> _WORK TO COMPLETE_:
In the records below, find the line that contains "Emmanuel Macron, Marine". Retype that line and all the lines after it through the end, leaving out the pictures.

Source data:
»»

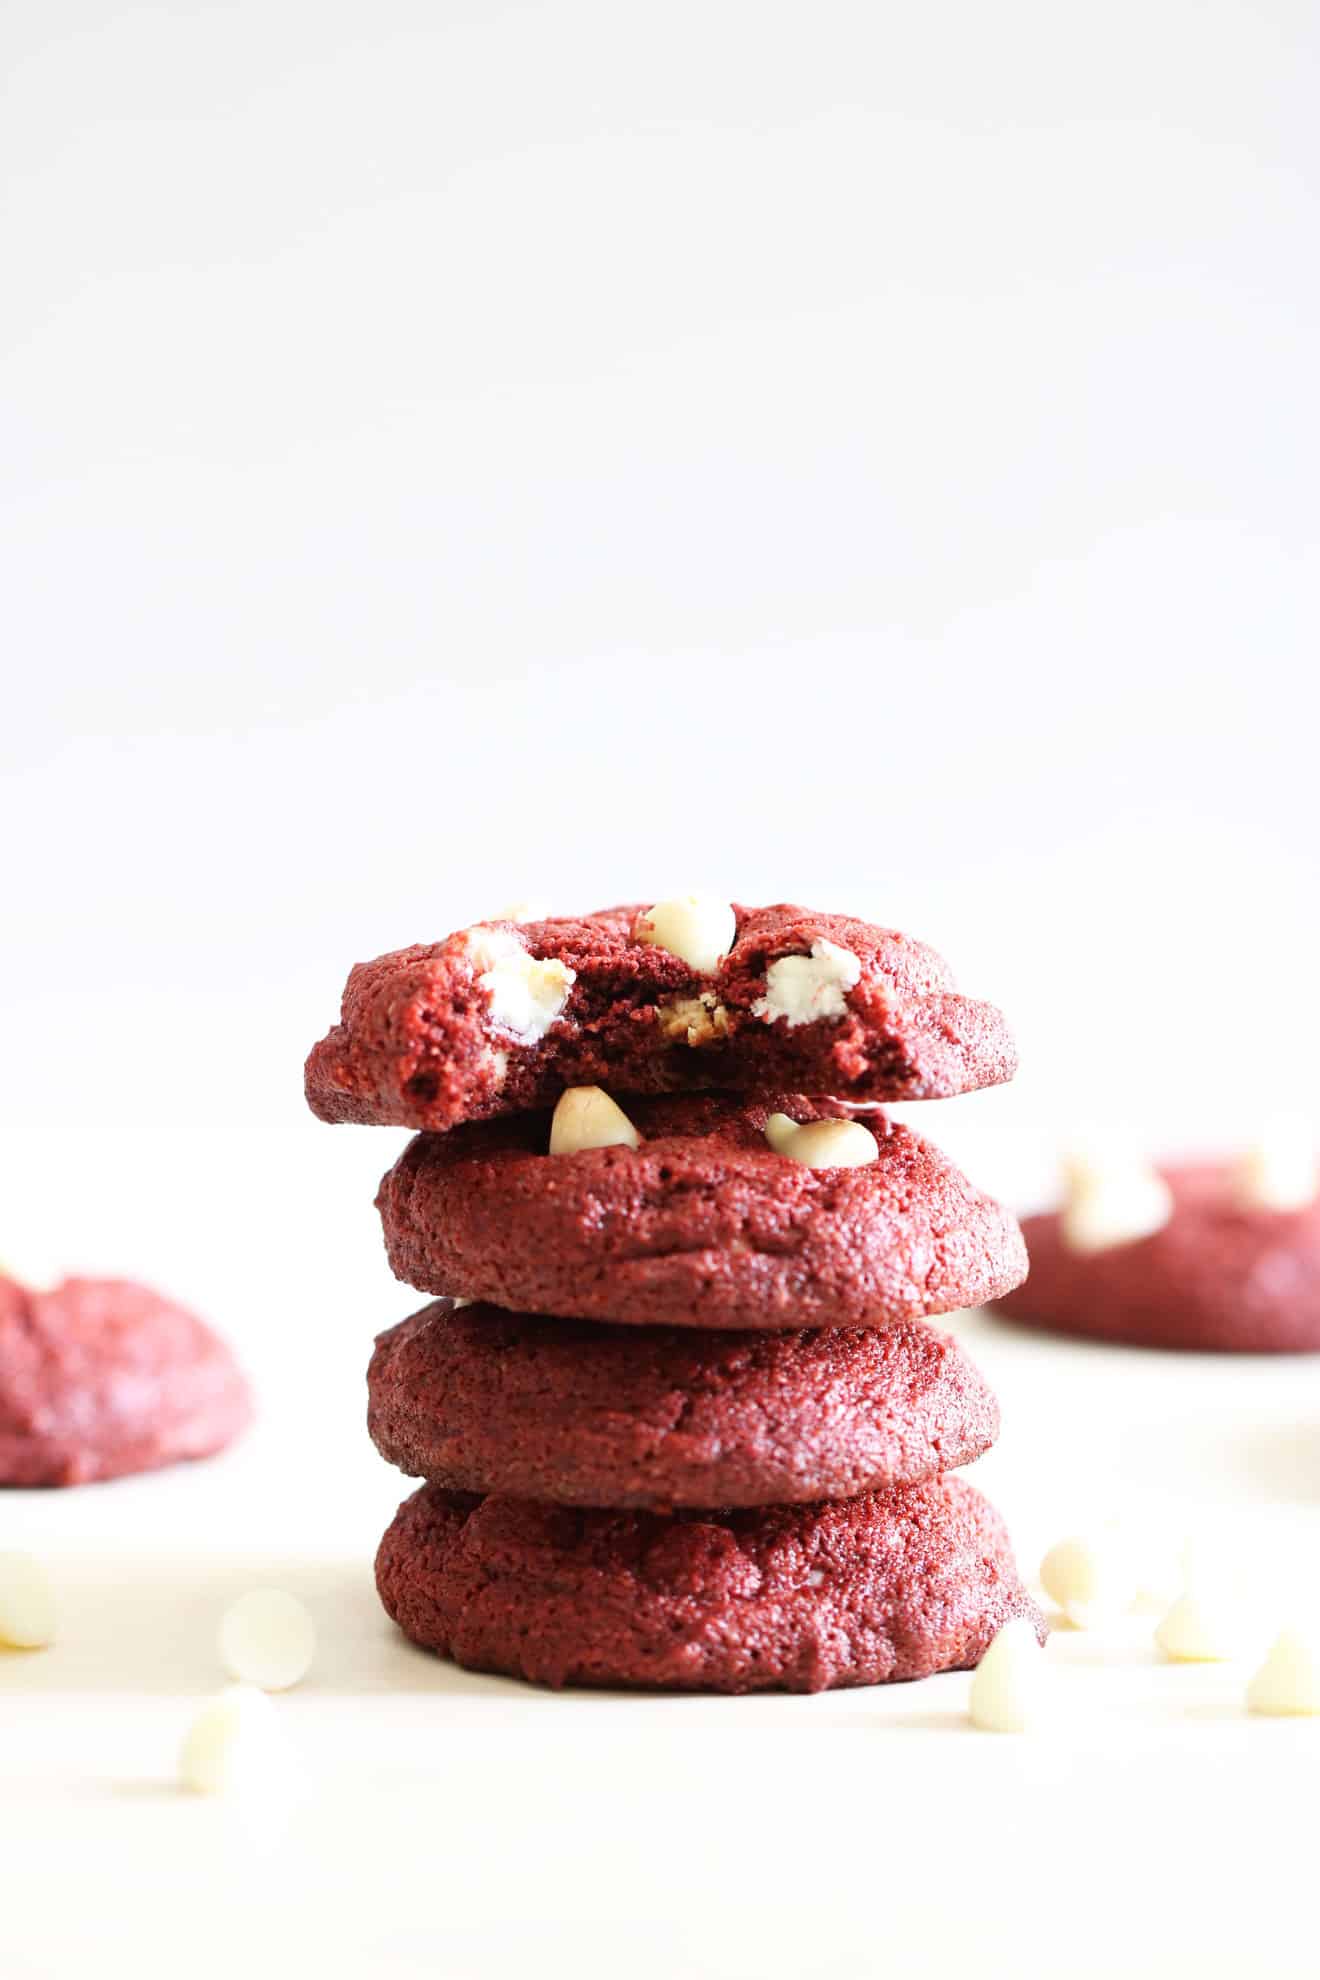 Red Velvet White Chocolate Chip Cookies
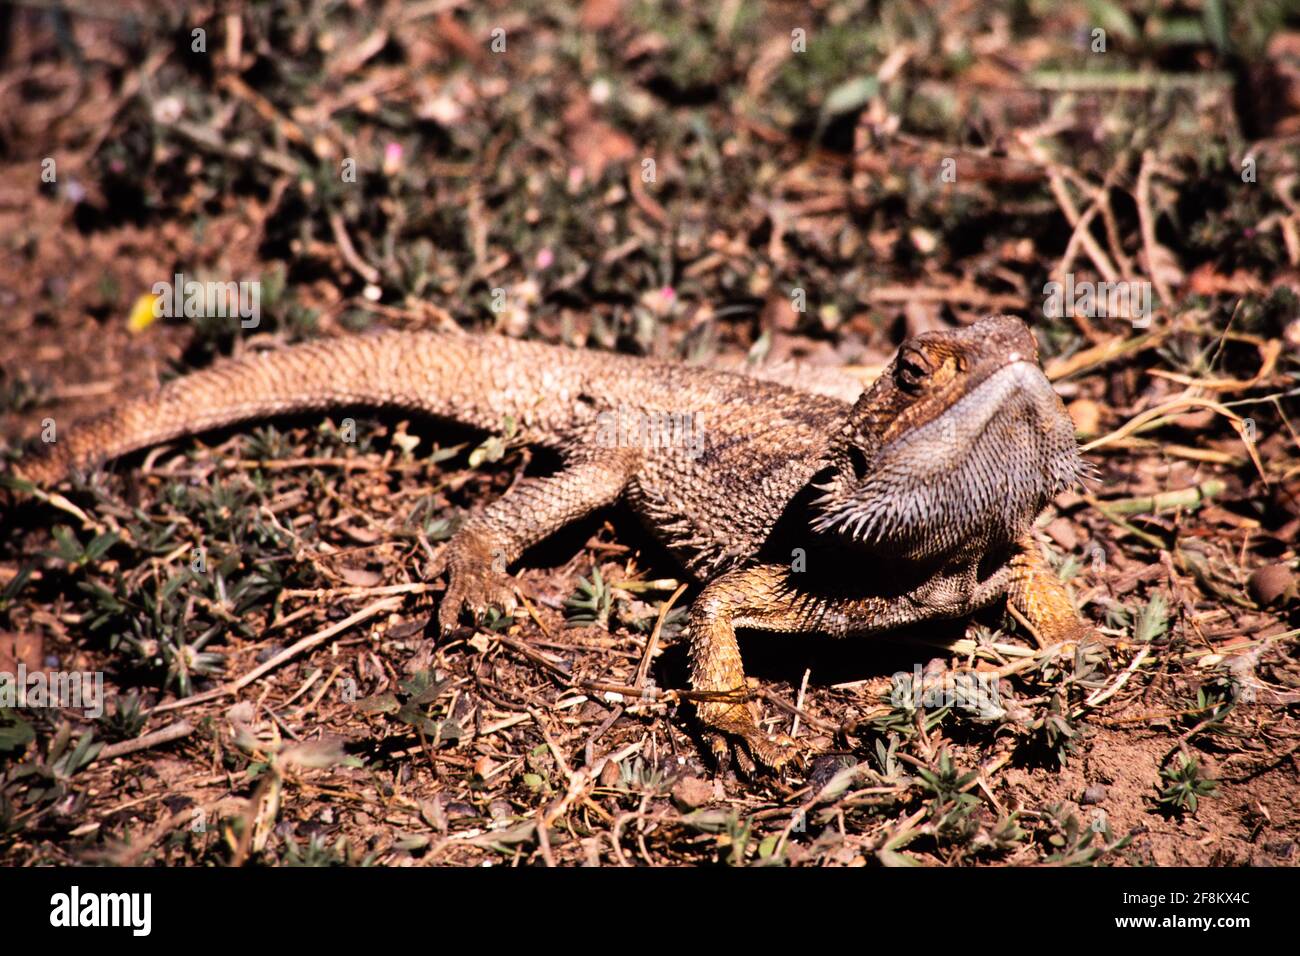 The Central Bearded Dragon, Pogona vitticeps, is native to arid Central Australia. Stock Photo
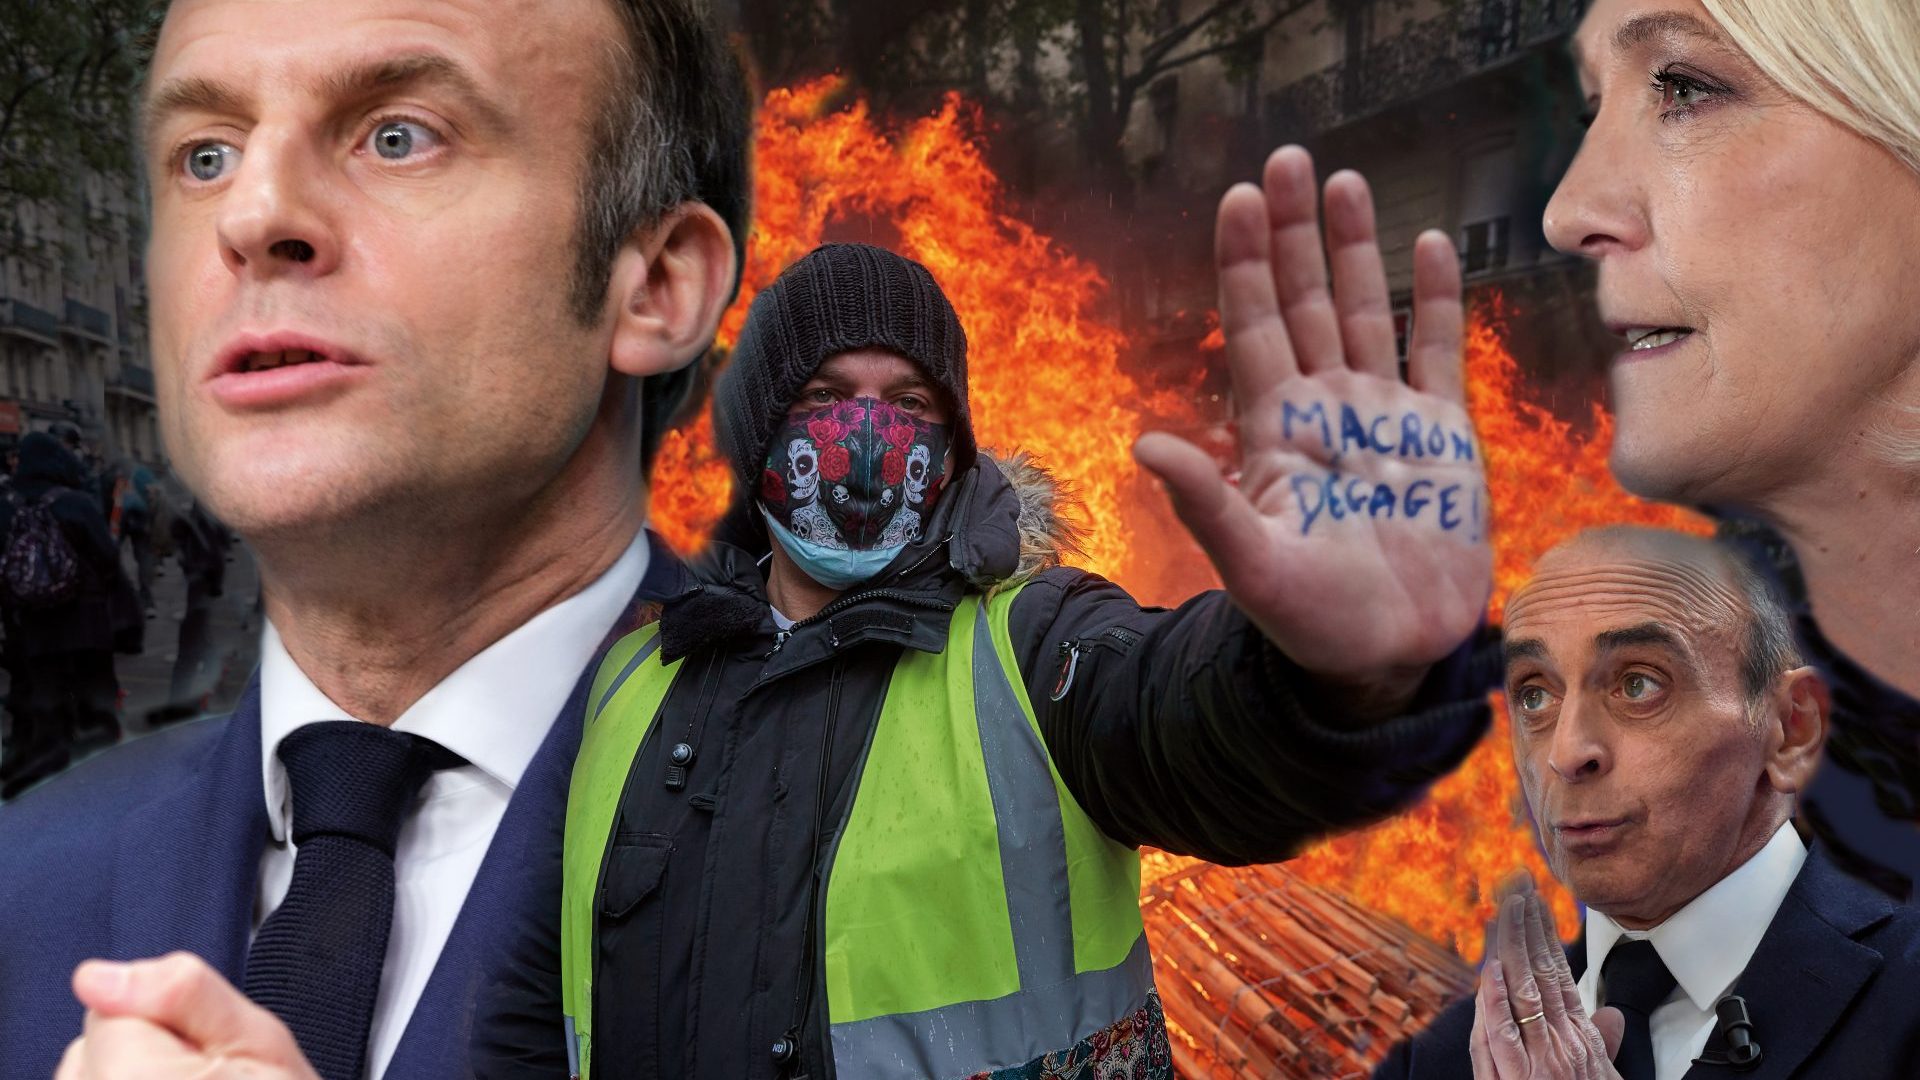 Emmanuel Macron, Marine Le Pen, Eric Zemmour and a yellow vest 
demonstrator demanding Macron 
resigns. Montage: The New European

««

> _TASK RESULT_:
 Emmanuel Macron, Marine Le Pen, Eric Zemmour and a yellow vest 
demonstrator demanding Macron 
resigns. Montage: The New European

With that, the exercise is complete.